Racquetball revolt hits Columbia

The issue of childhood obesity might be all the rage, but about 25 passionate racquetball and handball players came to the Columbia Association board meeting Thursday night to fight a plan to remove two of their courts to make room for more children's programs.

Bob Bellamy, director of sports and fitness, said the CA has been studying ways to make more room for children's activities for two years, and finally had a $380,000 plan to remove two courts at the Supreme Court Sports Club off Snowden River Parkway to do it. Bellamy said he had collected statistics showing that usage of the courts was declining along with the popularity of the sport.

But residents like John Marty came out in strength to debunk the idea.

"We're the proverbial polar bears with the shrinking glaciers," Marty, a former CA employee, told the board.

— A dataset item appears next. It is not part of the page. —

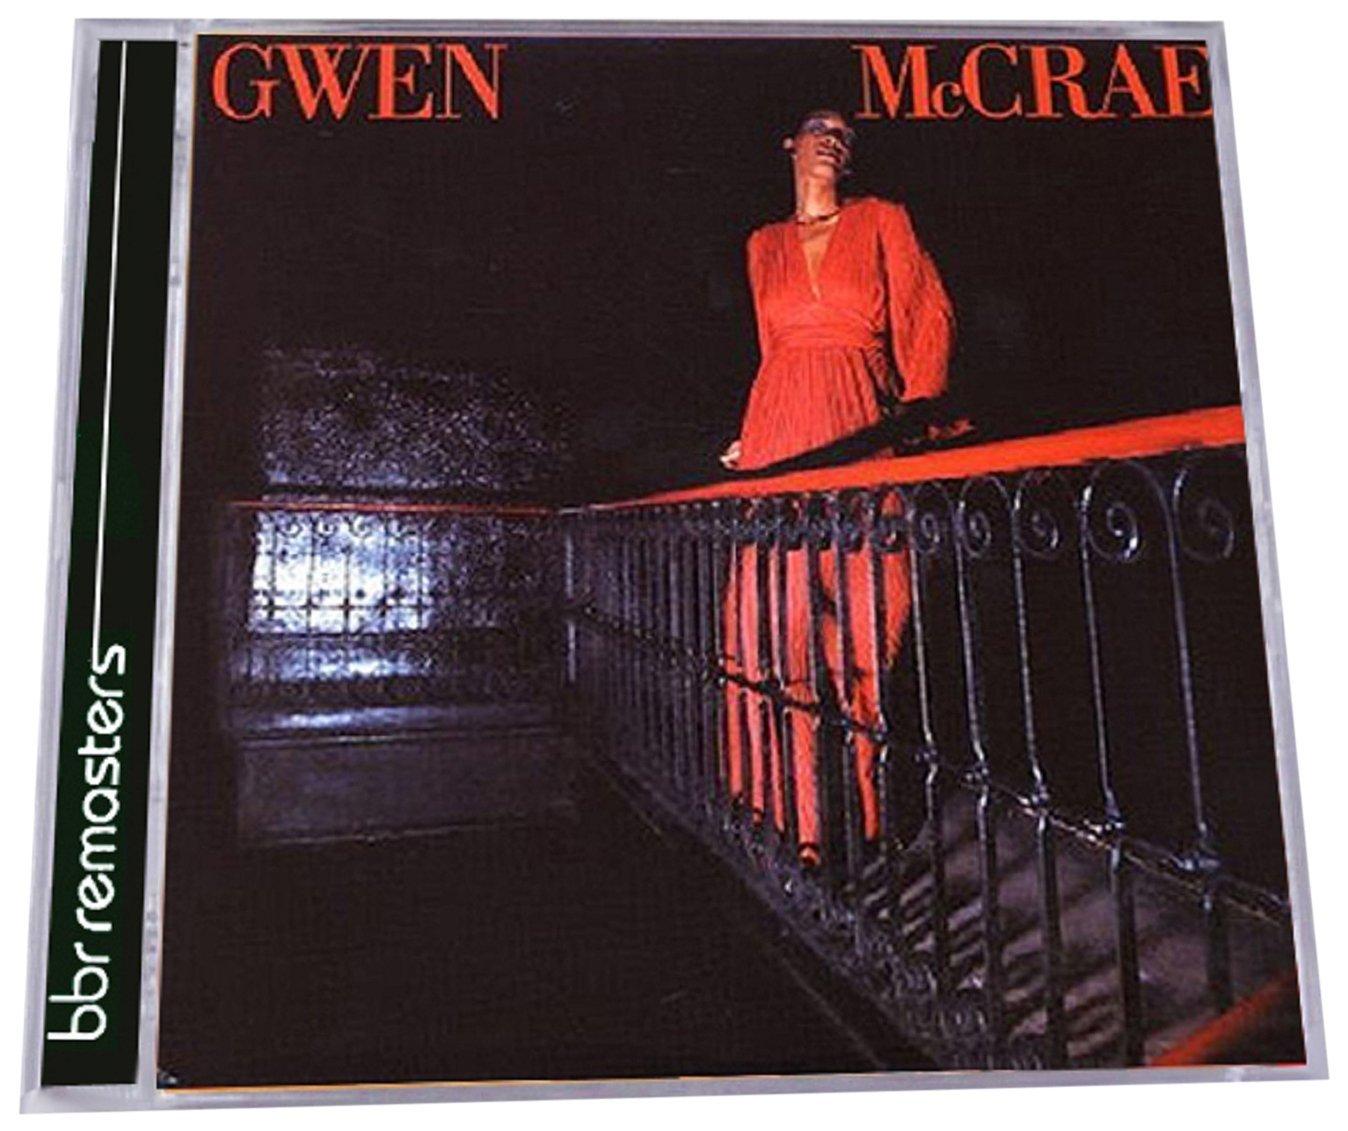 Gwen_McCrae_1
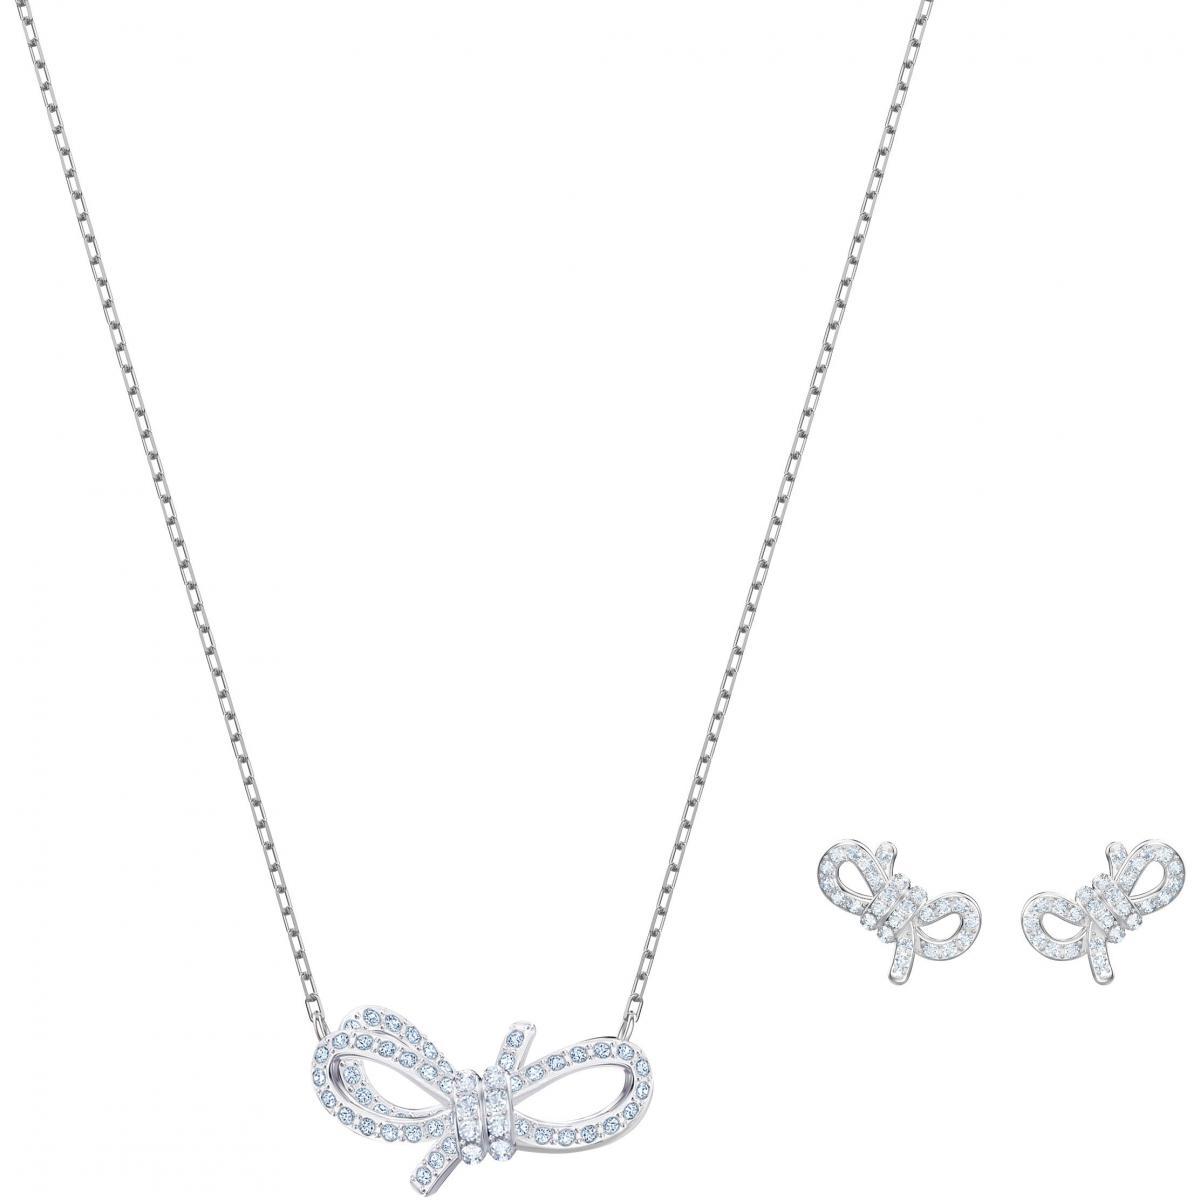 Collier et pendentif Swarovski 5470594 - Collier et pendentif Set Nœud  Papillon Argentée Femme

"I lost 65 to 70 pounds. I've gone from being morbidly obese to now," said Seth Vinisky, 33. He sometimes plays for four-hour stretches, he said, and has torn calf muscles and endured both rotator cuff and elbow surgery from sports injuries. "You just keep playing until you can't walk anymore," he said.

Jose Jimenez said he immigrated to the United States 15 years ago and began playing racquetball two years later. Now he's co-coordinator of a league. "I'm in that club every day of the week," he said, playfully tossing a blue racquetball toward the seated board members. "The ball is in your court," he said to laughter and cheers.

Before any of the 15 speakers began talking, CA President Phillip Nelson announced that he had received "a vast number of e-mails" about the court issue and is postponing any action until the staff schedules a series of meetings with players and their supporters. "No further planning will be done until we strike up a dialogue," he said. But that assurance didn't stop people from speaking.

Ken Marx and others said they'd drop their CA membership if they couldn't find a racquetball court to play on. Dan Ho said there were 25 courts in Columbia when he started playing 25 years ago, but now that's down to 10, and it's hard to find an open one in peak after-work and weekend hours. The statistics are wrong, he said, because many players don't make reservations.

"We're passionate players," he said. "This is a lifetime commitment, a lifestyle. I've played for 40 years."